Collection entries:

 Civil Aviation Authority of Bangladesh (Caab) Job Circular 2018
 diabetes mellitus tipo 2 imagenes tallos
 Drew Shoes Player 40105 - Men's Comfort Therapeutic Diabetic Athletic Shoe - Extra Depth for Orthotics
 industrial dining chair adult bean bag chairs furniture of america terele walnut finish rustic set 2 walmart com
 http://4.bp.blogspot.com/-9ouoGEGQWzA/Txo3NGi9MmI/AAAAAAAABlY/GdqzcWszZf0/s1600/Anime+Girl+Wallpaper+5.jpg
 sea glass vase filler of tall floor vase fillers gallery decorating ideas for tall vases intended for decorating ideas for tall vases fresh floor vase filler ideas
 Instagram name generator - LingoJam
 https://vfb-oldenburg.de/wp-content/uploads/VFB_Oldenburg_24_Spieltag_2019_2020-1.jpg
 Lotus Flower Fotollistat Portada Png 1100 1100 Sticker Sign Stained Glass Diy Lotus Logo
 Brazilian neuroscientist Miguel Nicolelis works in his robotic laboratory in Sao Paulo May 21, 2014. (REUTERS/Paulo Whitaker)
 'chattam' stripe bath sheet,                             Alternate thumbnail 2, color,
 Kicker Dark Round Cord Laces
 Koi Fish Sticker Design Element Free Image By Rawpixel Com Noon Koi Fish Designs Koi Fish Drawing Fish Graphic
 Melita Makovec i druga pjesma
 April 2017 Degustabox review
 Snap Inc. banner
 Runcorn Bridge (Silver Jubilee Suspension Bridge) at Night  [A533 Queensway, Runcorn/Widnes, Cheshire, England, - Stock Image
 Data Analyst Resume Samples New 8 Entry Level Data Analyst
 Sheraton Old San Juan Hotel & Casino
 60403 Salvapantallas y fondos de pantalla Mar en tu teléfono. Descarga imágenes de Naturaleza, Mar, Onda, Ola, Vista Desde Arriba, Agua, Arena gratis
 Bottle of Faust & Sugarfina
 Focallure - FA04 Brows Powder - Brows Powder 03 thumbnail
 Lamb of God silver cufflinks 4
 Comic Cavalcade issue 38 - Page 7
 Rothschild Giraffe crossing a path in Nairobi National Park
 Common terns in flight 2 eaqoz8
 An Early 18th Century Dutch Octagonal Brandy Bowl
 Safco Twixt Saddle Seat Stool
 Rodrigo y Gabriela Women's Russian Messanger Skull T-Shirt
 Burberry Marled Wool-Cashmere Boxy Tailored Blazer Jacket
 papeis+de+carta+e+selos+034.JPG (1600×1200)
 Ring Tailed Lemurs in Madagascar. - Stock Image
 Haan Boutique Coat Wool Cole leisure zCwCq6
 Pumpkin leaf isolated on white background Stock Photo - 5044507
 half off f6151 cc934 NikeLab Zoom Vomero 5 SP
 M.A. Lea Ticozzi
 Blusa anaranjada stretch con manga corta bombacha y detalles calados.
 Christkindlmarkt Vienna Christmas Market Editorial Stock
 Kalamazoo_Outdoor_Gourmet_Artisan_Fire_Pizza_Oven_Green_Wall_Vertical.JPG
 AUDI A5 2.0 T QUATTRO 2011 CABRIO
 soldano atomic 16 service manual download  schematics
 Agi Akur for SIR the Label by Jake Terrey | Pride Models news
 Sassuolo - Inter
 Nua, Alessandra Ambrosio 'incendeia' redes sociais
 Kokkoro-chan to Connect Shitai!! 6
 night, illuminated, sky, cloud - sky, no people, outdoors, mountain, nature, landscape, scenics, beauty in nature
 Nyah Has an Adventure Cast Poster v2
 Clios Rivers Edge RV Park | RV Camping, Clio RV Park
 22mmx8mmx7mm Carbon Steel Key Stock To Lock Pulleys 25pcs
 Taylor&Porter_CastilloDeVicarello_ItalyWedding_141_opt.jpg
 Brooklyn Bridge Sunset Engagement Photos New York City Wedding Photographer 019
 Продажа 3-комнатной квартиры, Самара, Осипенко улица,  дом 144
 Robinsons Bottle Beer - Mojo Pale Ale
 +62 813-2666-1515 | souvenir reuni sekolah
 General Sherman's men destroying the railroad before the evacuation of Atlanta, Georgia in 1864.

EXERCISE:
Go through the records above and count every line that includes "Sticker". Give the number and nothing else.

YOUR RESPONSE:
2